We begin by examining the distribution of reviews, or stars. First we need to look at the summary statistics for the number of stars.
resDataFeatures['stars'].describe()
We expect the lowest score to be 1 and the maximum score to be 5, so it appears there are not any outliers in this data set. The mean number of stars is 3.6, and the median is 3.5, indicating a left skew. We can next look at the distribution with a histogram.
font = {'weight' : 'bold',
'size' : 14}
bins = list(np.arange(0, 5.1, 0.05))
plt.rc('font', **font)
resDataFeatures['stars'].plot.hist(bins=bins, width=0.5, color='lightblue', edgecolor = "black")
plt.xlabel("Number of Stars")
plt.ylabel("Count")
plt.show()
plt.rcdefaults()
We next look to see if there is a correlation between the number of stars a restaurant receives the number of reviews. First we see how many reviews restaurants typically get.
resDataFeatures['review_count'].describe()
The average number of reviews is 97, and the standard deviation is 188. There appears to be significant outliers, in particular a restaurant that has received 6414 reviews.

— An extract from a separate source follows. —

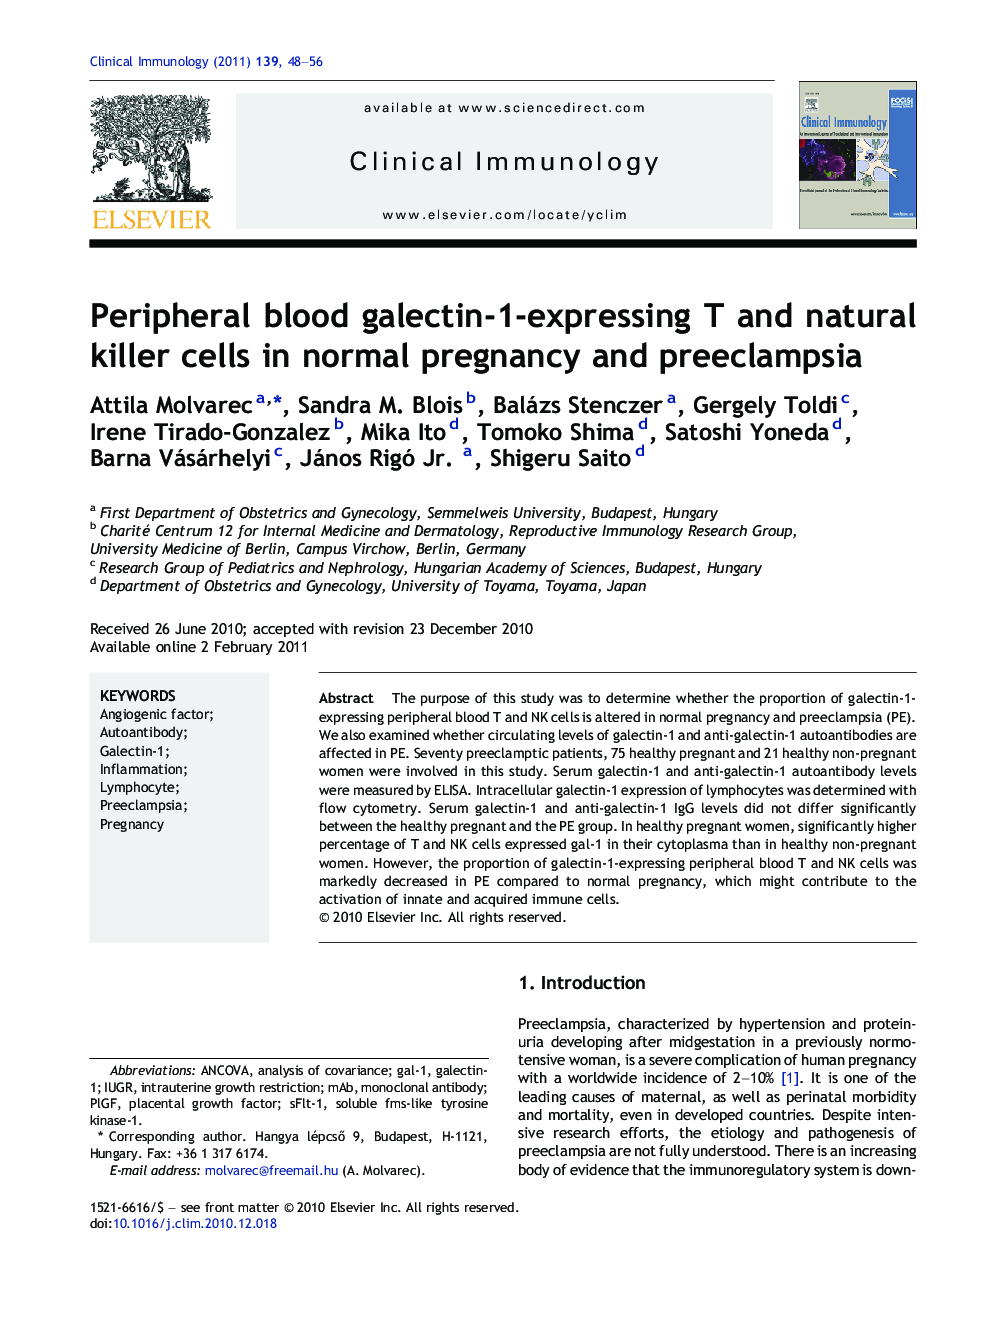 Peripheral blood galectin-1-expressing T and natural killer cells in normal pregnancy and preeclampsia

font = {'weight' : 'bold',
'size' : 14}
plt.rc('font', **font)
resDataFeatures.plot.scatter(x='stars', y='review_count')
plt.xlabel("Number of Stars")
plt.ylabel("Number of Reviews")
plt.show()
plt.rcdefaults()
The relationship between the number of stars and the number of reviews is not immediately obvious, although it appears there may be a weak positive linear relationship between the two variables when the number of stars is between 1 and 4. This may be because people do not go to restaurants with a low star rating, thus there will be less reviews.
We next look at the average reviews for different types of restaurants based on food offerings.

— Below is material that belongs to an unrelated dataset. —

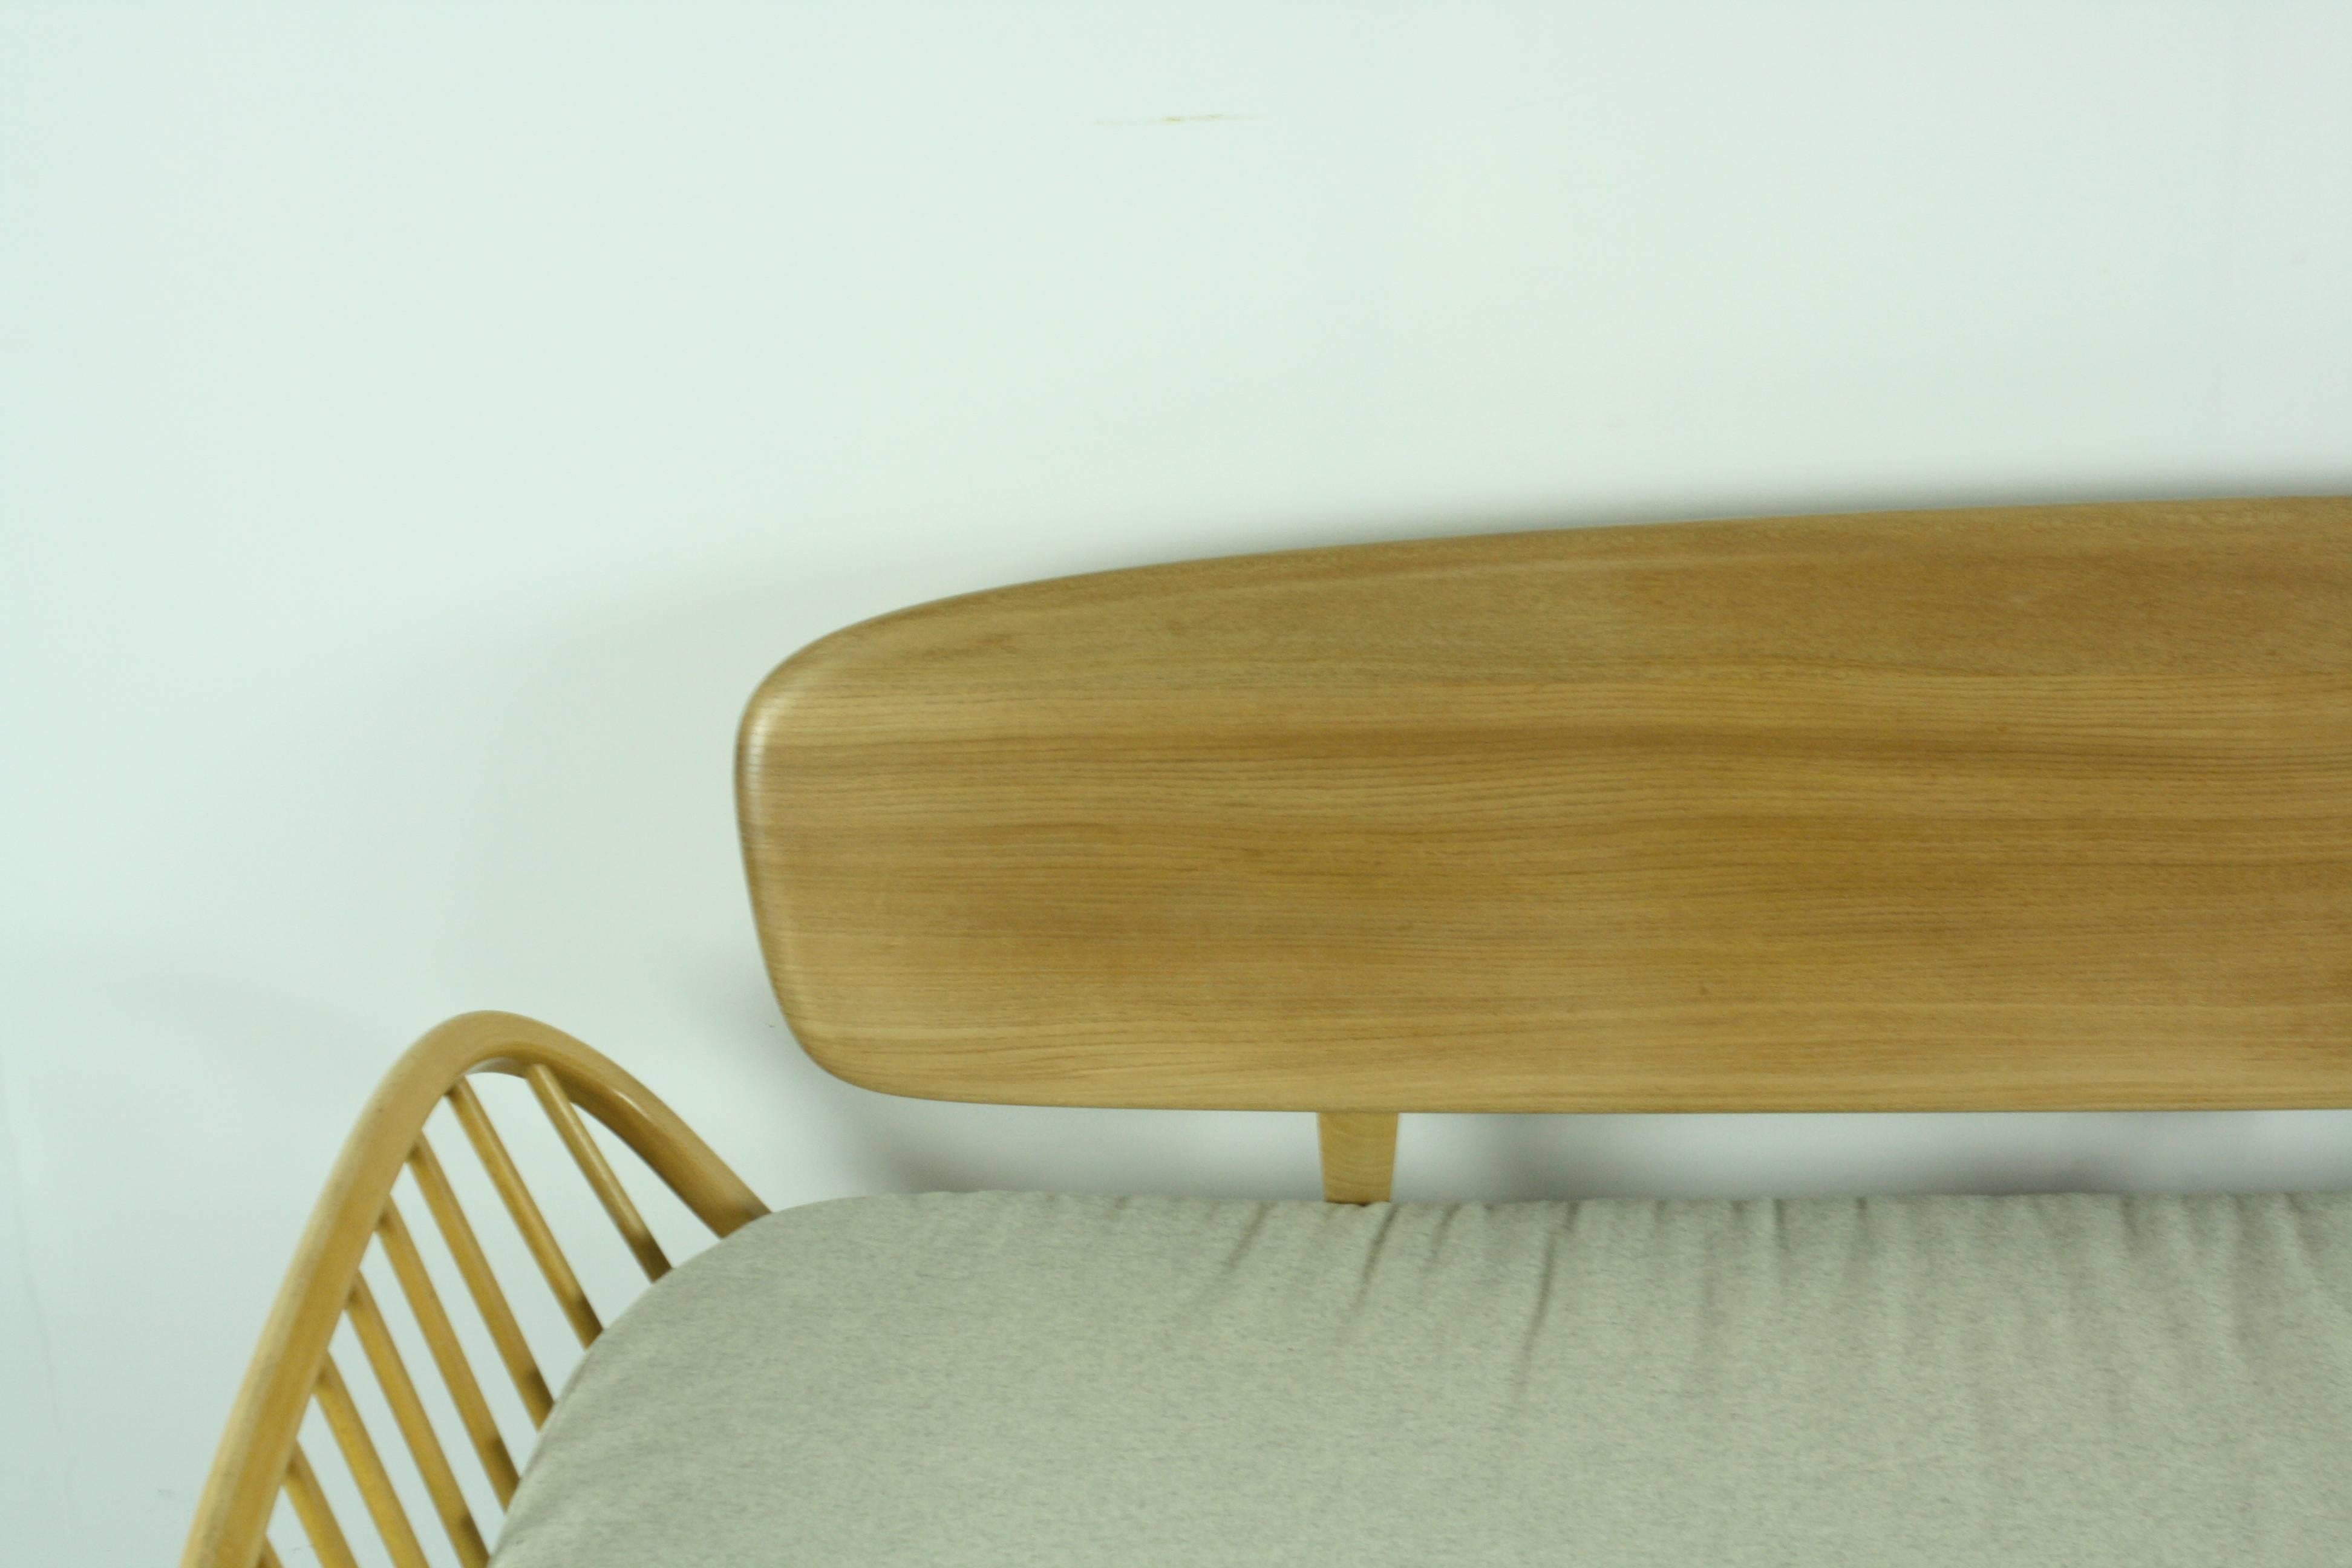 English Vintage Midcentury British Ercol 355 Studio Couch or Sofa Bed

# create a dataframe that will store star averages (first index) and stdevs (second index)
resTypes = pd.DataFrame(0, index=np.arange(2), columns=categories)
for i, name in enumerate(categories):
count = resDataFeatures['stars'].groupby(resDataFeatures[name]).count()
mean = resDataFeatures['stars'].groupby(resDataFeatures[name]).mean()
stdev = resDataFeatures['stars'].groupby(resDataFeatures[name]).std()
resTypes.loc[0, name] = mean[1]
resTypes.loc[1, name] = stdev[1]
resTypes.head()
# plot the data
font = {'weight' : 'bold',
'size' : 16}
plt.rc('font', **font)
plt.ylabel('Average Number of Stars')
font = {'weight' : 'bold',
'size' : 14}
plt.rc('font', **font)
plt.title('Average Numbers of Stars Based On Food Offerings')
resTypes.ix[0].plot.bar(color='lightpink', yerr=resTypes.ix[1], capsize = 5)
plt.show()
plt.rcdefaults()
As shown above, Coffee and Tea restaurants have the highest average number of stars (3.90) and Tex-Mex type restaurants have the lowest (3.18), indicating that restaurant owners may consider serving Coffee and Tea to the extent that this attribute shows up in their Yelp rating.
We next look at restaurant attribute RestaurantsPriceRange2.
prices = ['RestaurantsPriceRange2']
pricesHead = ['lowest', 'low', 'medium', 'high']
# create a dataframe that will store star averages (first index) and stdevs (second index)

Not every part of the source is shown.